AGU E MARQUES PRESSIONARAM PREFEITO DE BH
No domingo o ministro Nunes Marques intimou o prefeito de Belo Horizonte a cumprir a decisão liminar que permite a realização de celebrações religiosas, dando 24 horas para que o mandatário do município cumpra a decisão e esclareça “as providências tomadas, sob pena de responsabilização, inclusive no âmbito criminal, nos termos da lei”.
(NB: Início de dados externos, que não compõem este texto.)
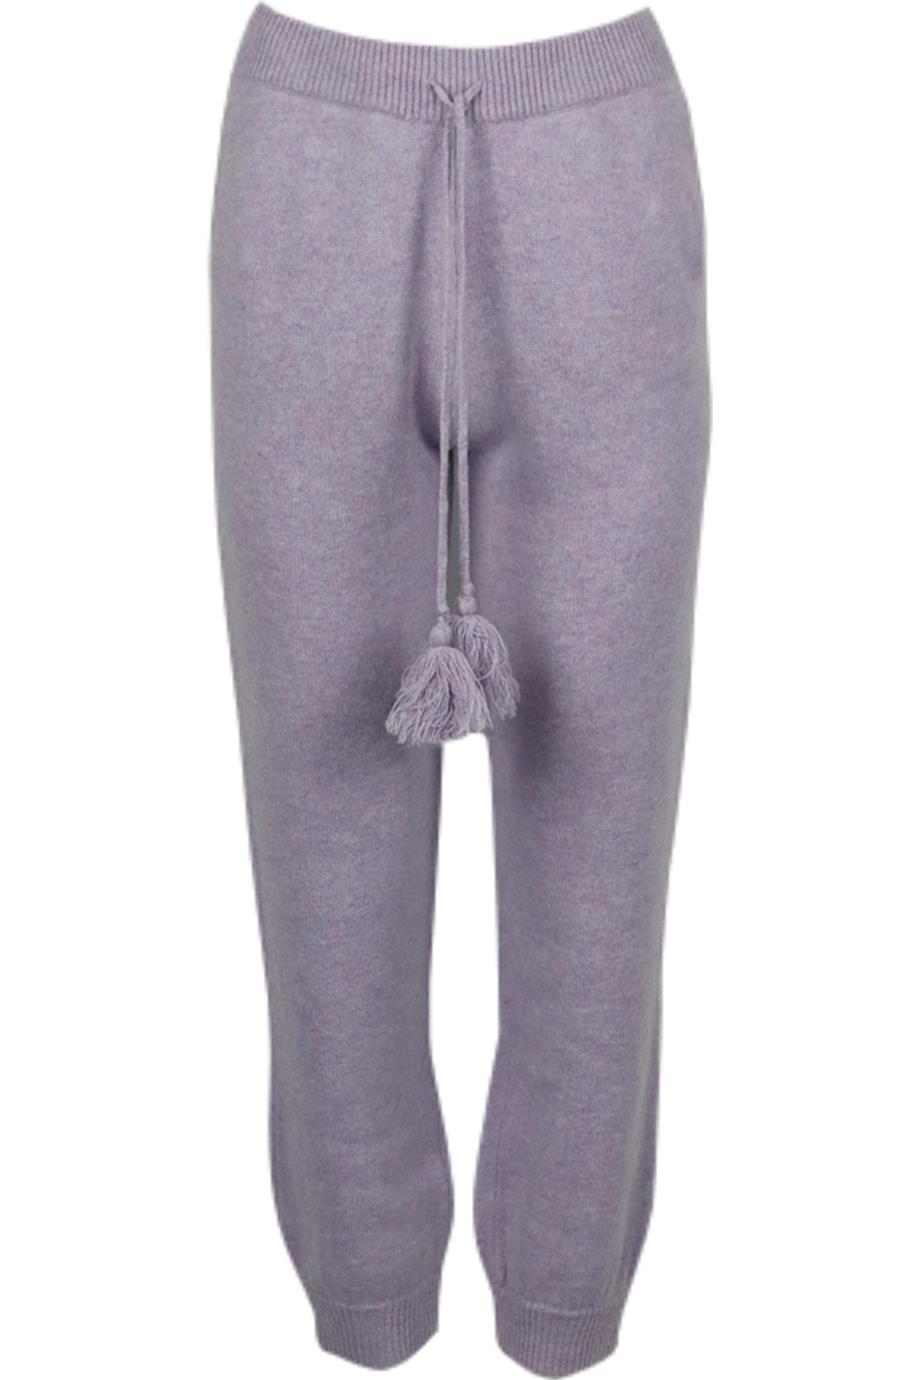 LOVESHACKFANCY WOOL AND CASHMERE BLEND TRACK PANTS SMALL

Jonas Donizette afirmou que “é importante que os prefeitos cumpram o que foi decidido pelo ministro Nunes Marques sobre o funcionamento de templos religiosos”, mas afirmou que uma decisão do plenário do STF deu aos estados e municípios a competência de decidir sobre aberturas e fechamentos das atividades. No domingo (4), após a intimação do prefeito, a prefeitura de Belo Horizonte informou que acataria a liminar mas apresentou sem seguida um recurso ao STF contra a decisão de liberar missas e cultos presenciais e pediu a “urgente concessão de contracautela” para suspender a liminar do ministro Nunes Marques.